Dengan keputusan ini, Pengadilan Tinggi Bali menetapkan kelanjutan kerja sama penyediaan infrastruktur menara telekomunikasi antara Pemkab Badung dan PT Bali Towerindo Sentra Tbk hingga 7 Mei 2047. Menanggapi keputusan tersebut, Direktur Eksekutif Information and Communication Technology (ICT) Institute, Heru Sutadi, mengungkapkan bahwa jika pengurangan jumlah menara dilakukan, hal ini dapat meningkatkan beban pada menara yang tersisa, berisiko menurunkan kualitas layanan 4G dan 5G.
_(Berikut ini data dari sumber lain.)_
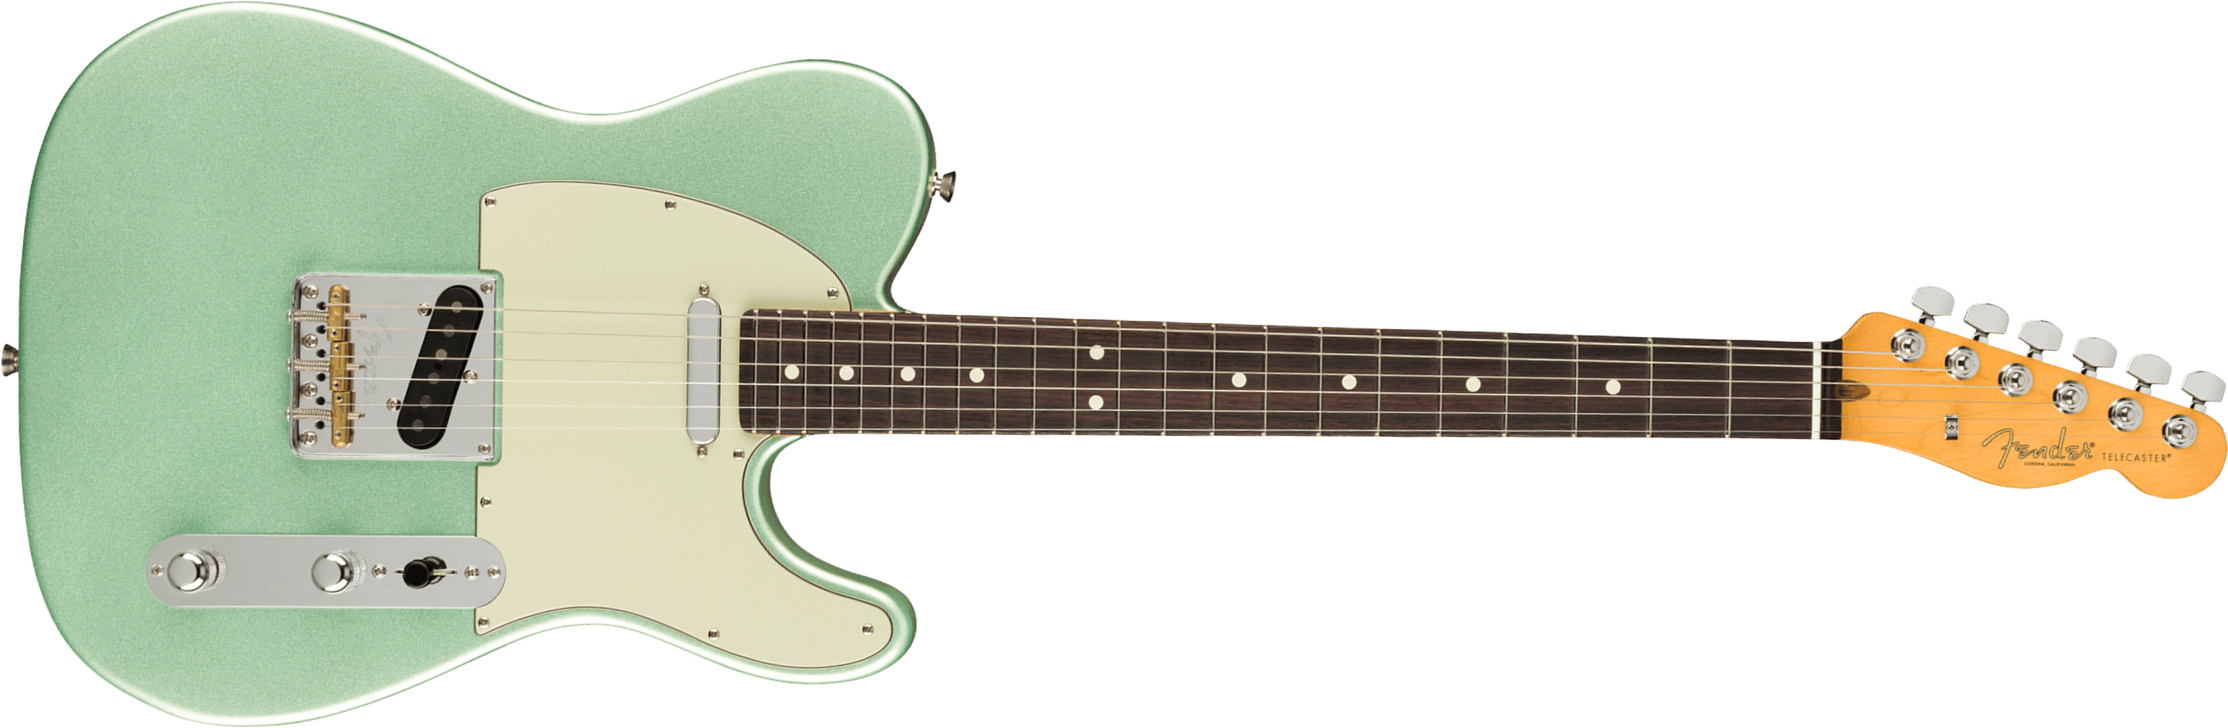 Fender Tele American Professional Ii Usa Rw - Mystic Surf Green - Guitarra eléctrica con forma de tel - Main picture

Heru menegaskan, "Nanti yang paling merasakan dampaknya ya, masyarakat Kabupaten Badung, apabila sejumlah menara telekomunikasi dibongkar tanpa menyiapkan infrastruktur pengganti." Ia juga mengingatkan bahwa pembongkaran menara dapat menimbulkan masalah serius jika infrastruktur yang dicabut merupakan critical site, terutama jika tidak ada pengganti yang mampu menjaga cakupan dan kapasitas jaringan.

Heru menambahkan, "Dari perspektif kepentingan publik, masyarakat adalah pihak yang paling perlu dilindungi." Ia menekankan bahwa meskipun sengketa hukum dan bisnis antara Pemkab Badung dan PT Bali Towerindo Sentra Tbk harus diselesaikan secara hukum, penyelesaian tersebut tidak boleh merugikan masyarakat dengan menurunnya layanan telekomunikasi.

Heru menutup dengan pernyataan bahwa, "Jangan sampai sengketa antara pemerintah daerah dan perusahaan selesai secara hukum, tetapi masyarakat Badung yang kemudian membayar mahal melalui sinyal yang melemah, internet melambat atau bahkan muncul blank spot."